Mikael Max Mikael Karlsson
- Born: 21 August 1973 (age 52) Gullspång, Sweden
- Nationality: Swedish
- Website: mikaelmax.com

Career history

Sweden
- 1989–1998: Örnarna
- 1999–2002: Valsarna
- 2003–2005, 2015–2016: Luxo Stars/Dackarna
- 2006–2008: Piraterna
- 2006–2015: Gnistorna
- 2010–2011: Lejonen
- 2013: Hammarby
- 2014: Indianerna

Great Britain
- 1993–1994, 1996–1999, 2001–2005: Wolverhampton Wolves
- 2006: Arena Essex Hammers

Poland
- 1995: Piła
- 2000–2002: Rybnik
- 2003: Warsaw
- 2005 2009–2010: Rzeszów
- 2006–2007: Ostrów
- 2008: Wrocław
- 2011: Gdańsk
- 2012: Daugavpils

Individual honours
- 1994: World Under-21 Champion
- 1992: Swedish U21 champion

Team honours
- 1994, 2000, 2003, 2004: Speedway World Cup
- 1996: Premier League
- 1996: Elite League KO Cup Winner
- 1997: Premiership Winner
- 2002: Elite League
- 2005: Polish Div Two Champion
- 1992, 1993, 1994, 1996, 1999: Swedish Elitserien Champion
- 1992, 1996, 2002, 2003: Swedish Pairs Champion

= Mikael Max =

Swedish speedway rider

Karl Mikael Karlsson (born 21 August 1973), who later rode under the name Mikael Max, is a Swedish former international motorcycle speedway rider. He earned 21 caps for the Sweden national speedway team.

== Career ==
After first riding a speedway bike at the age of twelve, Max moved up to 500cc bikes in 1989. He represented Sweden at under-21 level in 1990, and made his full debut for Sweden in 1991.

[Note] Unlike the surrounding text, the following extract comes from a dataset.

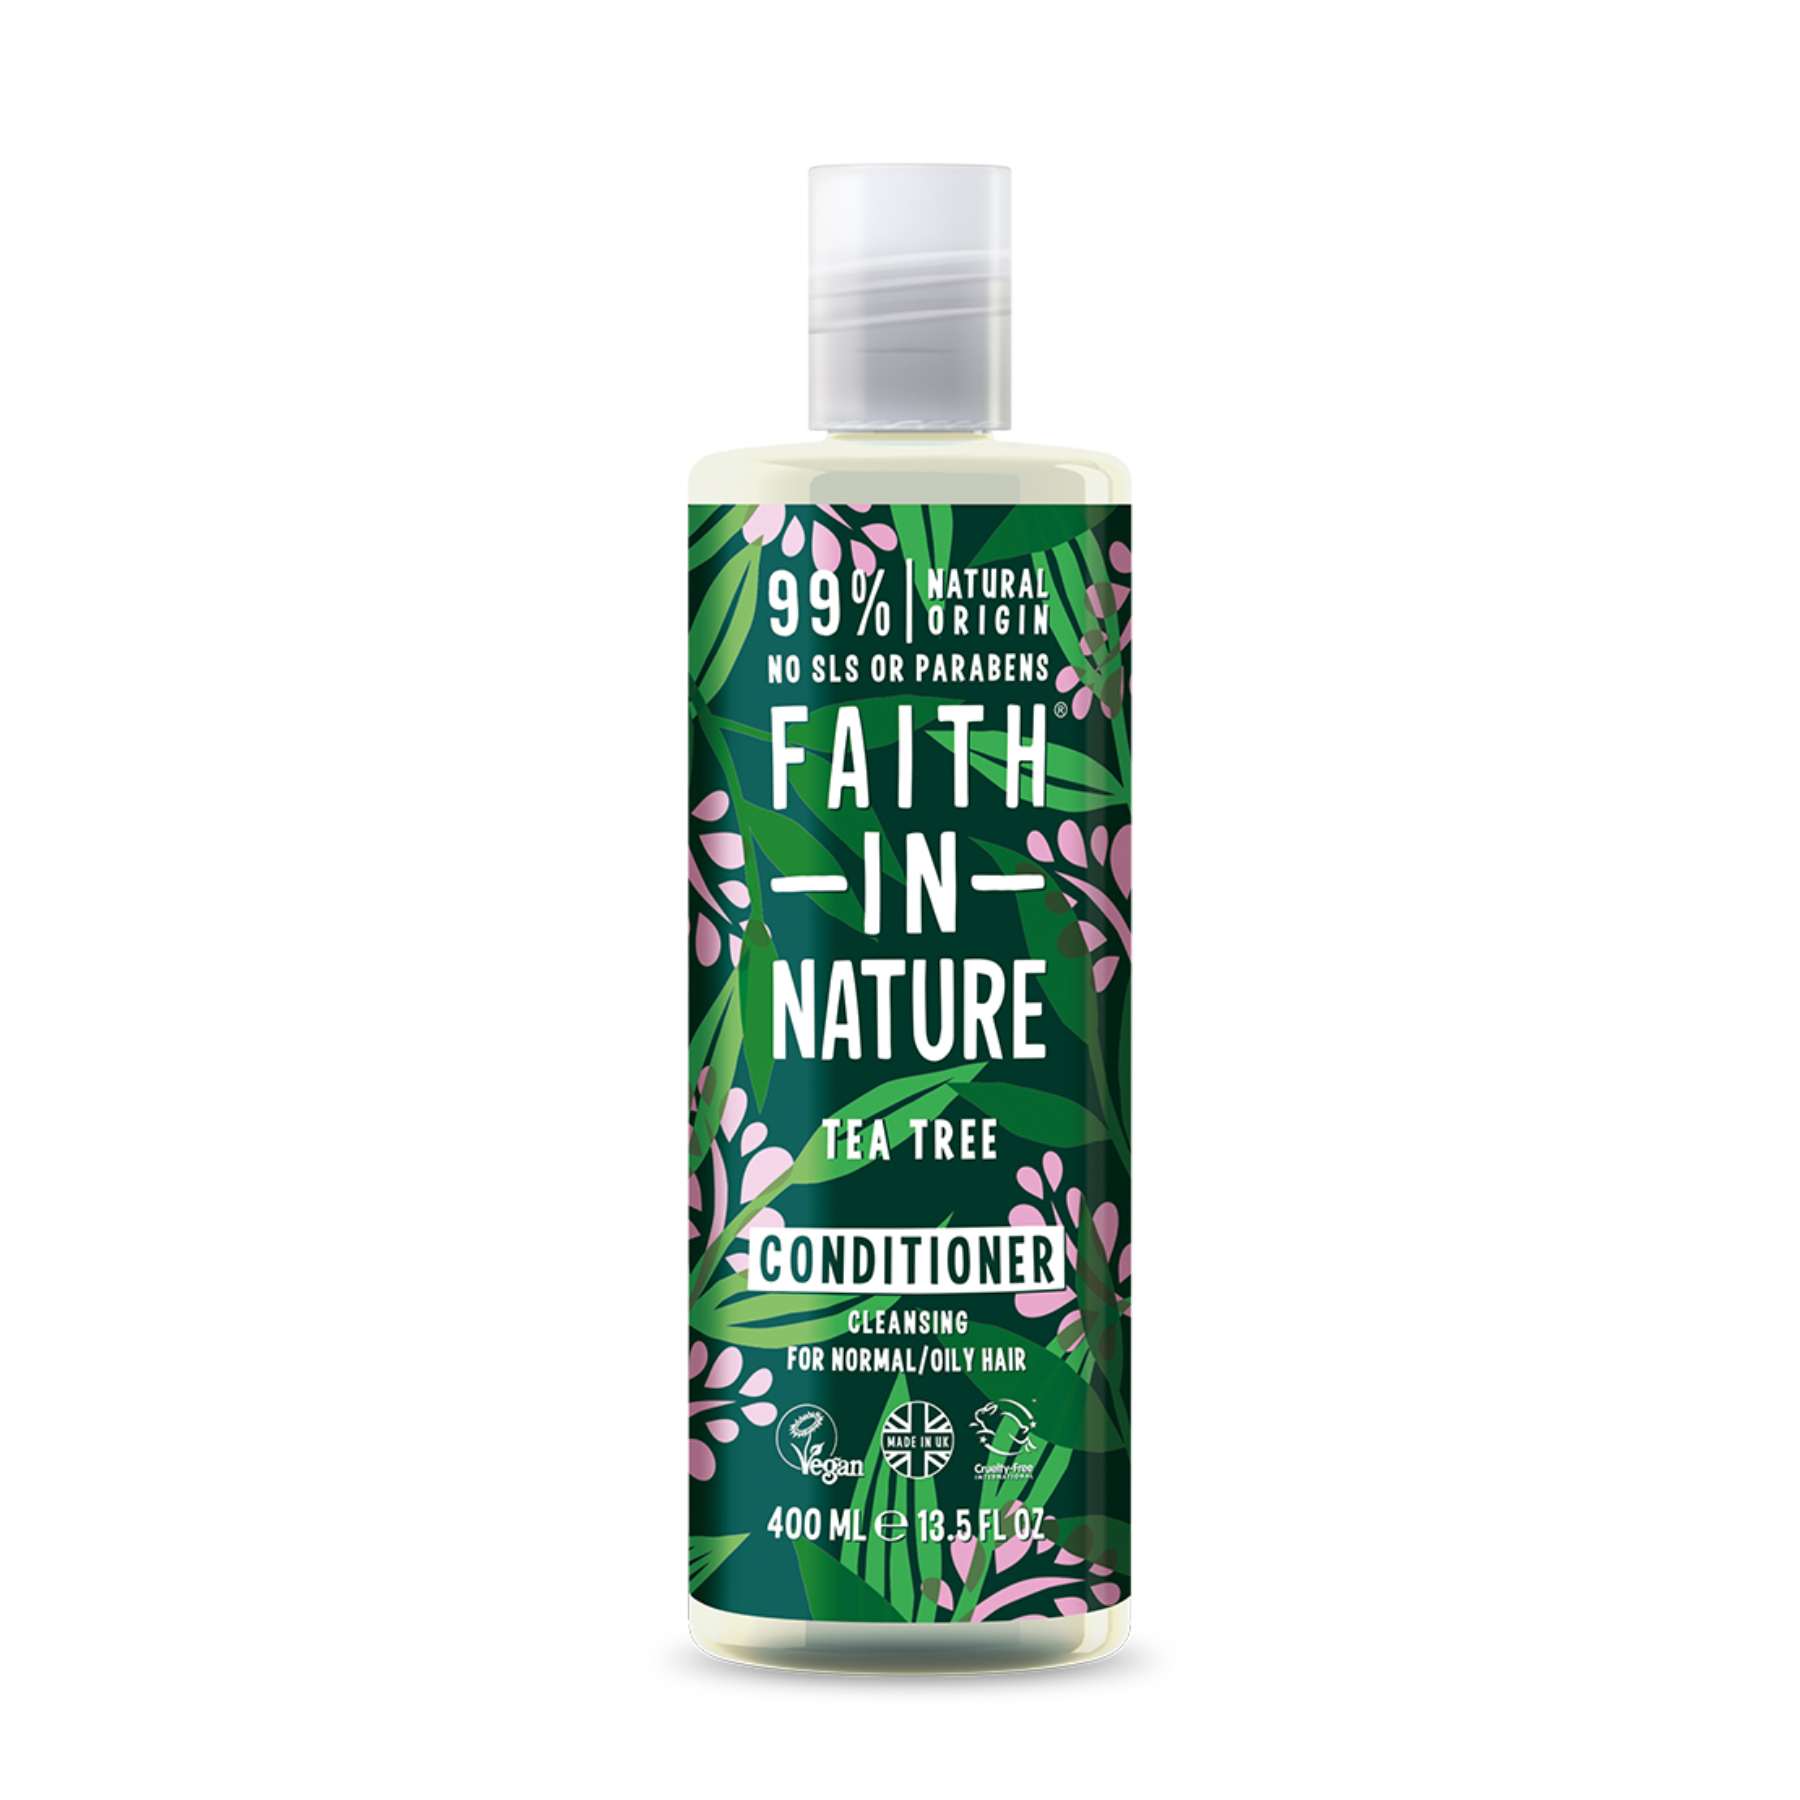  Shop Faith In Nature Tea Tree Conditioner 400 ml | Oily Scalp on Sublime Life. Fights Greasy Scalp. Suitable for Normal to Oily Hair
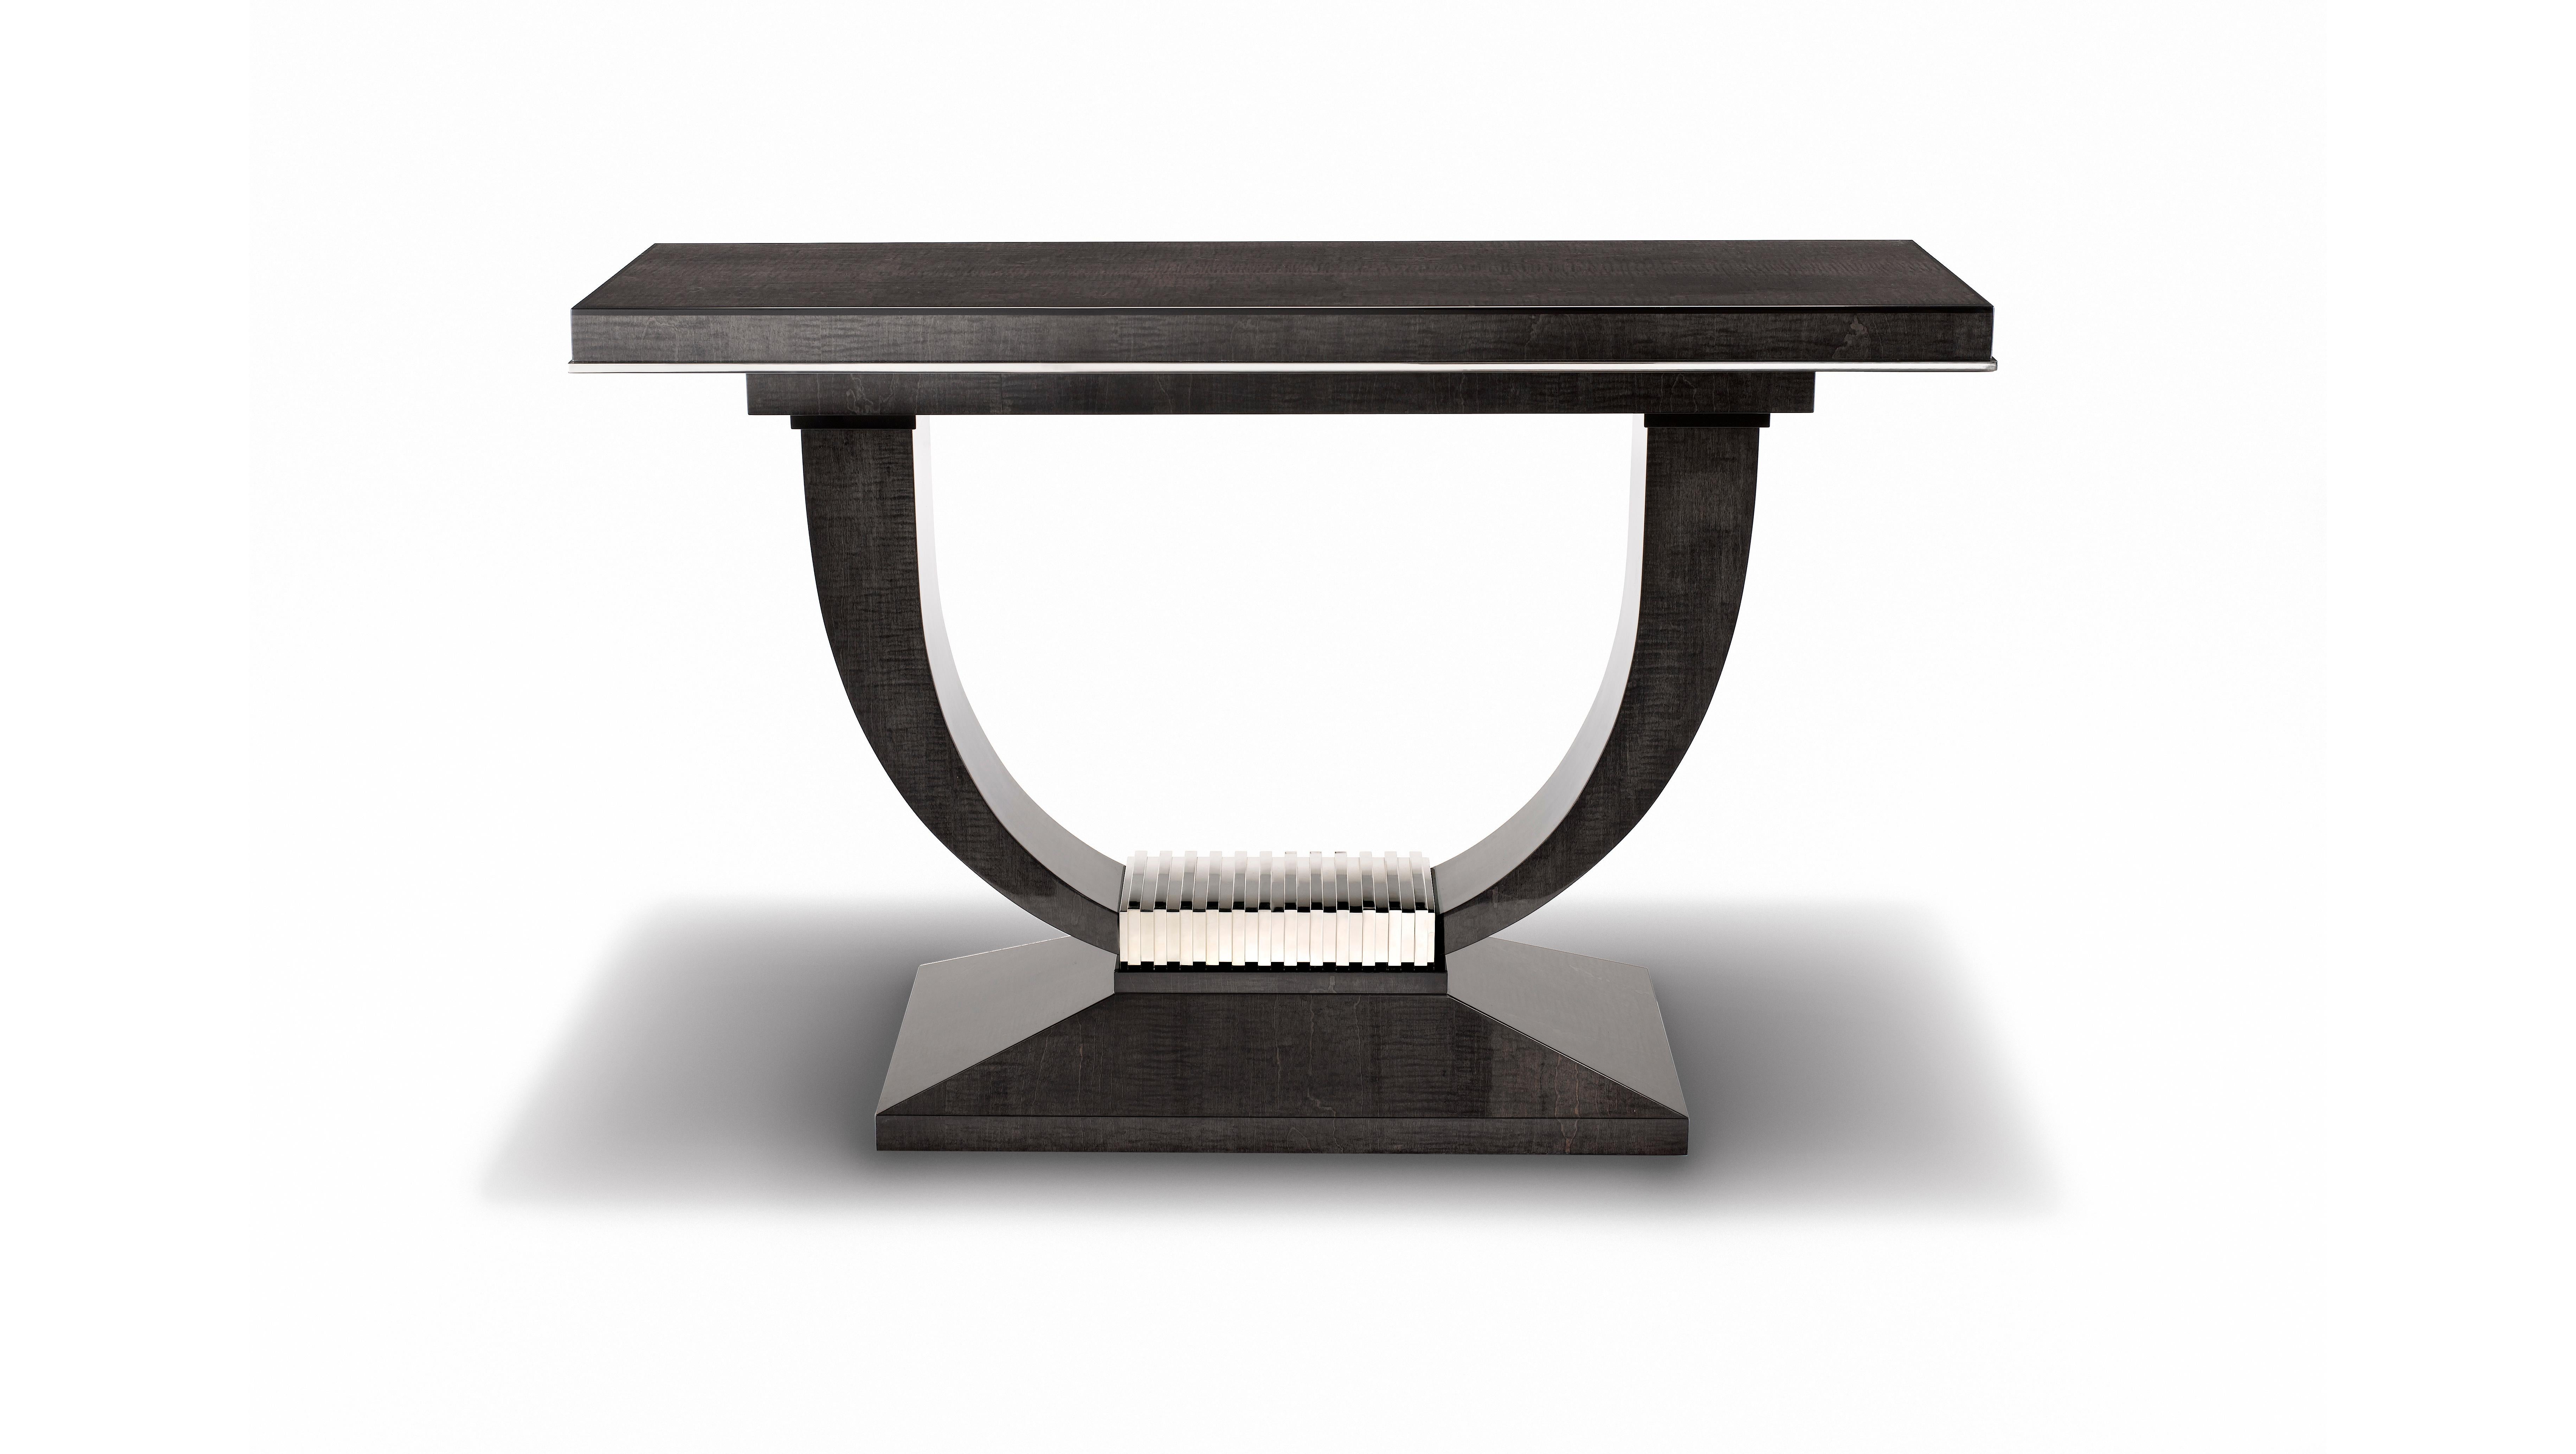 Davidson's Art Deco Albany Console Table, in Sycamore Black with Polished Nickel 1

Max won the Swedish U21 championship in 1992 and finished runner-up to Joe Screen in the World Under-21 Championship in 1993. He made amends the following season by winning the championship in 1994.

Max made his British speedway debut in 1993 for Wolverhampton Wolves, going on to ride for the club until 2005, only missing the 1995 and 2000 seasons. In 2006, he rode for the Arena Essex Hammers. Max is his mother's maiden name and he raced as Mikael Max from 2003.

Max won four World team championships in 1994, 2000, 2003 and 2004.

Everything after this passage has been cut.